Кошмары - [20]

Шрифт
Интервал

— Да, Румп, кажется, мы нашли средство поднимммть энергию самого одряхлевшего организма. Мы будем возвращать молодость, как некогда Мефистофель сделал это с Фаустом. Сегодня кролики и свинки сказали мне. Вы же, Румп, мой благородный товарищ, стоящий на зоологической лестнице бесконечно выше, должны подтвердить это.

И, как Румп предвидел, он был немедленно повергнут на стол.

. . . . . . . . . . . . . . . .

Было раннее утро, когда случилось… чудо и Румп вдруг сделал то, чего не мог сделать за пятнадцать лет. Он сломал клетку одним наскоком, сбил с ног сторожа и спустя минуту, седой, со съеденными клыками, одноглазый, страшный, но полный таинственных сил, он был уже на широком просторе городских бульваров.

Профессор еще мирно спал, а Румп, его благородный товарищ, скрылся в только что начавшем просыпаться городе, чтоб, как добрый ученик и последователь, доказать неверующим правильность профессорской теории.

Неведомо где — история этого никогда не узнает — он скрывался три дня. А на третий он вернулся грязный, окровавленный, неузнаваемый, пахнущий всеми городскими лужами, с замутившимся от безумного утомления одиноким глазом.

Он вернулся, вполз в лабораторию, сел против профессора, который несколько опешил от изумления, и стал тихонько выть. Он выл не меньше часа.

Если б кто-нибудь знал собачий язык, то в переводе на человеческий его речь звучала бы приблизительно так:

— Многоуважаемый друг и профессор, ваша теория — великая теория и я сам перегрыз бы горло тому, кто стал бы с этим спорить. Но есть в ней одна страшная, непреодолимая точка. Я ничего не скажу про то, что когда ко мне так непонятно вернулись силы, ни один мой седой волос, однако, не почернел, ни один съеденный пожелтевший клык не сделался белым и острым, как прежде. Это, увы, осталось. Не скажу и про то, что все женщины моего рода, обладающие, как известно, неплохим нюхом, несмотря на весь мой пыл, сейчас же угадывали во мне собачьего Мафусаила и гнали прочь. Ни одна не подпускала к себе.

Меня кусали, валили с ног, все три дня я провалялся в придорожных канавах. Я внушал ужас, отвращение.
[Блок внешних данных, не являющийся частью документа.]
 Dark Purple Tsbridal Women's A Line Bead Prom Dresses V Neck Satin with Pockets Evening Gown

Я как-то мельком увидел себя в луже: седой, беззубый, распаленный, я действительно был чудовищем...

Было то же, как если б к вашим человеческим женщинам стал приставать вдруг Лазарь, воскресший из мертвых. Я и превратился в такого Лазаря, в монстра, которого надо показывать в цирках. Я потерял свое место в природе. Но главное не в этом, а во мне самом, в моей душе. Как примирить в ней два течения, которые яростно борются и друг друга уничтожают? Силы, которые вы внедрили в меня, побуждают меня бежать за каждой паршивой сучкой, которая вильнула хвостом, неистовствовать и грызться за нее до смерти.
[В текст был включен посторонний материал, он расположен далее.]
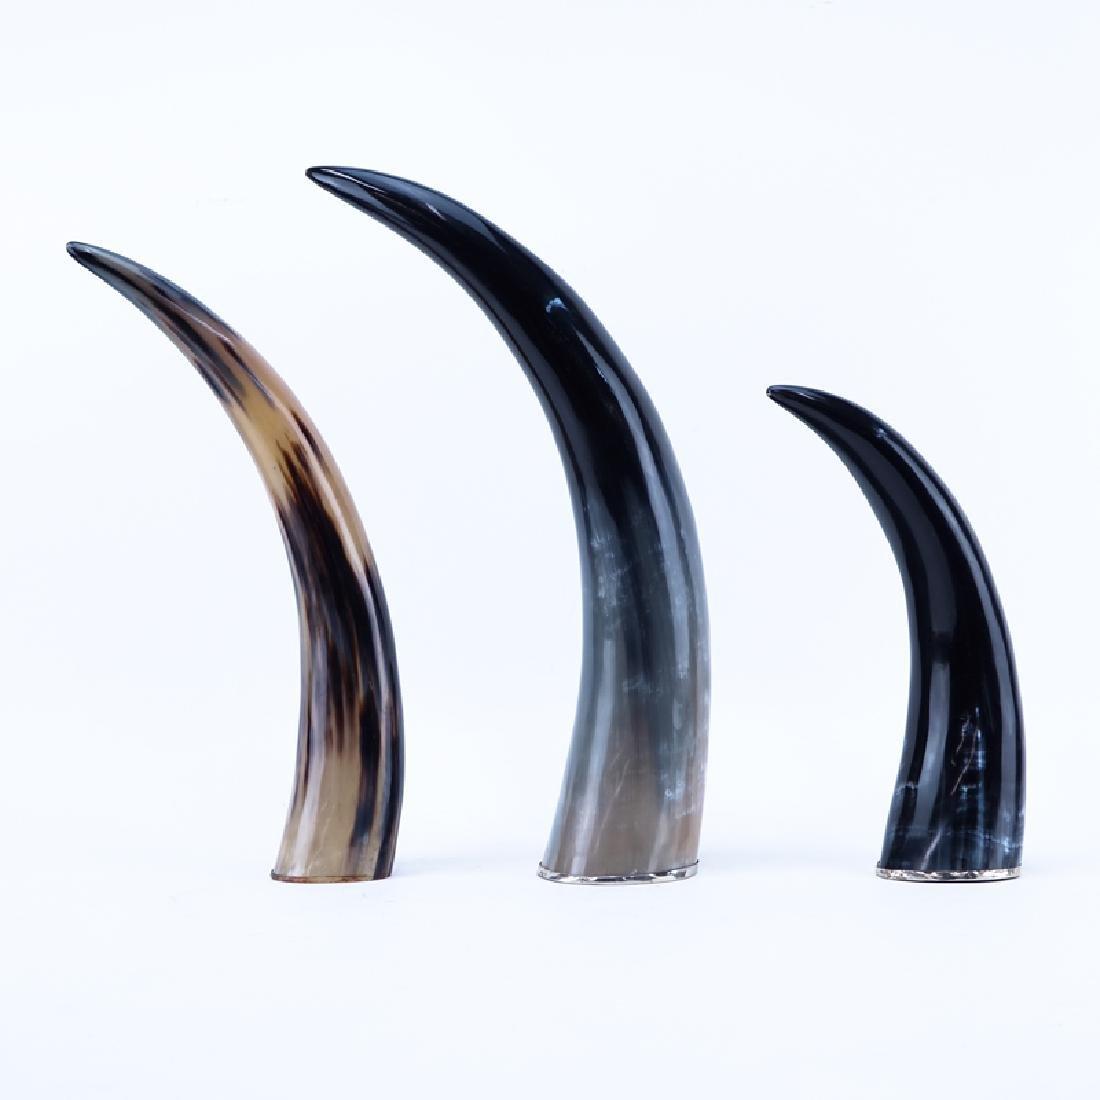 Set of Three (3) Decorative Polished Horns

А мои старческие пятнадцать лет, мой глубокий старческий опыт, моя порядочность старой собаки, которая знает порядок в жизни, неустанно говорят мне, что я потерял право это делать, что я не смею бороться с соперниками, которые могли бы быть моими правнуками... Помимо того, мой ум, мои привычки, склонности, мысли, страхи, радости остались моего возраста, — а мои силы их не хотят знать. Мой возраст говорит мне, что вечером я должен дать отдых моим костям и лежать, как все старые собаки, в моей конуре, а мои проклятые силы не дают мне покоя, будоражат меня и вовлекают в авантюры, приличные только для годовалого щенка. Разве приятно торчать в мире такой нелепостью и в пятнадцать лет быть посмешищем для всех? Я протестую, многоуважаемый друг и профессор.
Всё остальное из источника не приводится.